# Bullet For My Valentine - Fever



## Dark Blade (Mar 29, 2010)

Well for a Bullet For My Valentine fan like me this new album is a VERY big deal.

As far as I know the track list is:

1. “Your Betrayal” 
2. “Fever”
3. “The Last Fight” 
4. “A Place Where You Belong”
5. “Pleasure and Pain”
6. “Alone”
7. “Breaking Out Breaking Down”
8. “Bittersweet Memories”
9. “Dignity”
10. “Begging For Mercy” 
11. “Pretty On The Outside”

My personal favorites are "Your Betrayal" and "Begging for mercy"
What about you?


----------



## LMNt80 (Mar 29, 2010)

Until now my favourite is 'Your Betrayal'. I listened to the track samples on iTunes, and there might be some other songs as good as 'Your Betrayal' on the album. 
	

	
	
		
		

		
			




Anyway, I'm totally excited! 
	

	
	
		
		

		
		
	


	




 I think I'll preorder it on iTunes because then you get the acoustic version of 'The Last Fight' as a bonus track.
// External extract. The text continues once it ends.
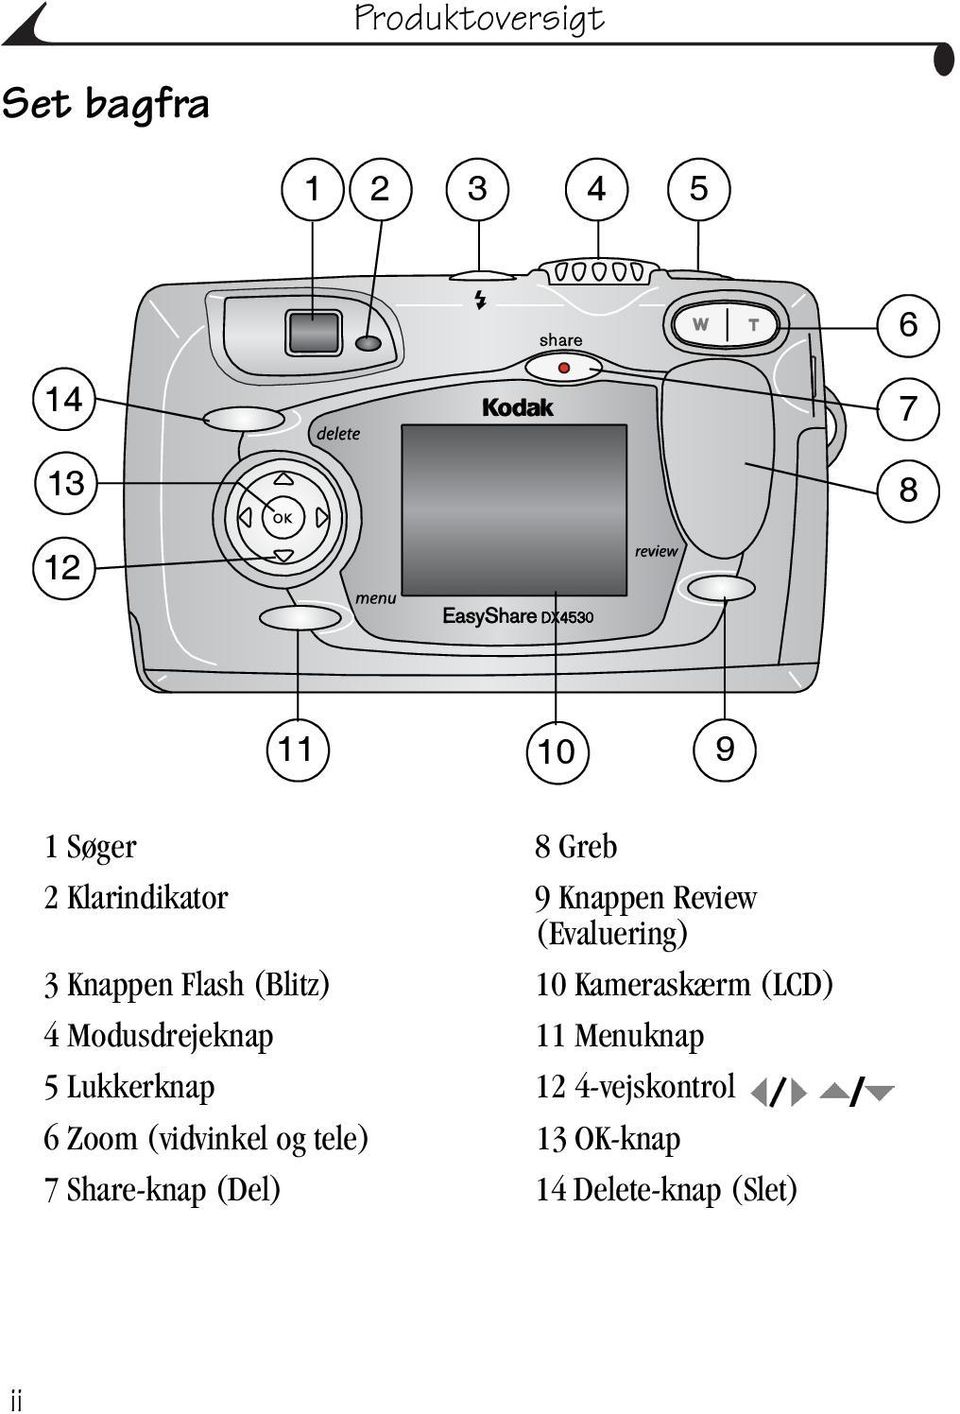 Kameraskærm (LCD) 4 Modusdrejeknap 11 Menuknap 5 Lukkerknap 12 4-vejskontrol

And I think they're gonna release some kind of deluxe version in one year or so because they did it with 'Scream, Aim, Fire' and they still have around ten songs for the new album that won't be on the album.


----------



## Klightx15 (Apr 12, 2010)

man im disappointed with the tracks so far. this new album is gonna SUCK!


----------



## Dark Blade (Apr 13, 2010)

Klightx15 said:
			
		

> man im disappointed with the tracks so far. this new album is gonna SUCK!


Really? I quite liked Begging For Mercy. 
Besides there are so many more songs in it too.


----------